During the deep cleaning procedure:

  • You will receive a local anesthetic, which may be topical gel or an injection, depending on how sensitive your teeth are, how serious the plaque build-up is, and how long the procedure will take.
  • Your dentist will use a small scaler or ultrasonic cleaner to break up and remove the plaque in each periodontal pocket.
  • Another tool will smooth or plane the surfaces of your teeth to remove superficial plaque to reduce further build-up around the roots.
  • Later-stage gum disease may require deep plane scaling, periodontal surgery, or laser surgery in addition to the deep cleaning.
  • More serious periodontal disease may require multiple deep cleanings, as the dentist focuses on one quadrant of the mouth at a time.

Once the cleaning is complete, your dentist will explain some follow-up care. For example, you will need to wait until any numbing agent wears off before eating and drinking. You may also need to wait a few hours after anesthetic wears off, to ensure that gums heal, before eating or drinking anything, especially something that might be hot or cold. You may experience pain in your teeth for a day or two and have sensitivity for about a week, but these should go away.

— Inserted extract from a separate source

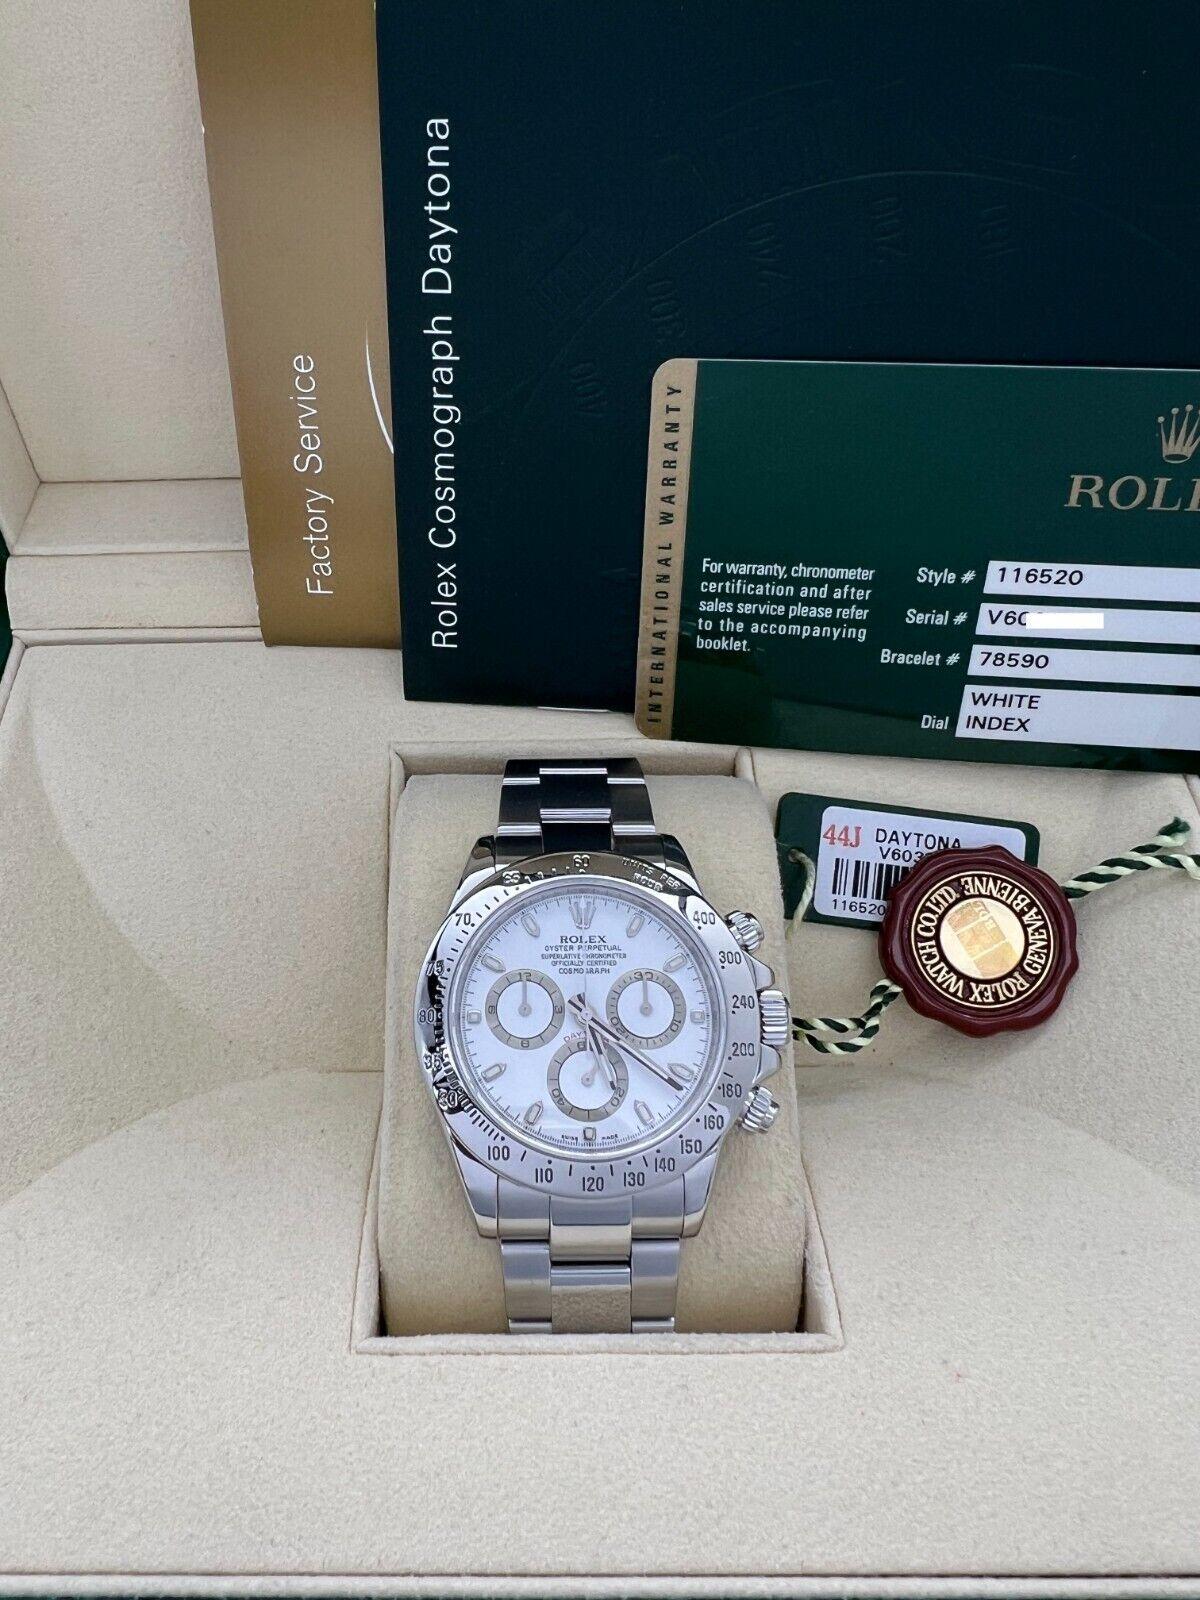 Rolex 116520 Daytona White Dial Stainless Steel Box Paper OPEN CARD 6

You will also schedule a follow-up appointment for a few days or a couple of weeks after the deep cleaning, so your dentist can be sure that there is less plaque build-up, your gums are healing well, and your periodontal pockets are becoming smaller.

Deep Teeth Cleaning Is One Part of Good Oral Health

You may worry if you hear deep cleaning or scaling and planing from your dentist, but ultimately, this type of cleaning is important to your overall oral health. Rest assured that it is a common, beneficial procedure.

References

A Re-Evaluation of Scaling and Root Planing. (March 2021). Journal of Periodontology. Date fetched: April 30, 2021.

Scaling and Root Planing. Mouth Healthy from the American Dental Association. Date fetched: April 30, 2021.

Non-Surgical Periodontal Treatment. American Academy of Periodontology. Date fetched: April 30, 2021.

Routine Scale and Polish for Periodontal Health in Adults. (December 2018). Cochrane. Date fetched: April 30, 2021.

Disclaimer: This article is intended to promote understanding of and knowledge about general oral health topics. It is not intended to serve as dental or other professional health advice and is not intended to be used for diagnosis or treatment of any condition or symptom. You should consult a dentist or other qualified healthcare provider with any questions you may have regarding a medical condition or treatment.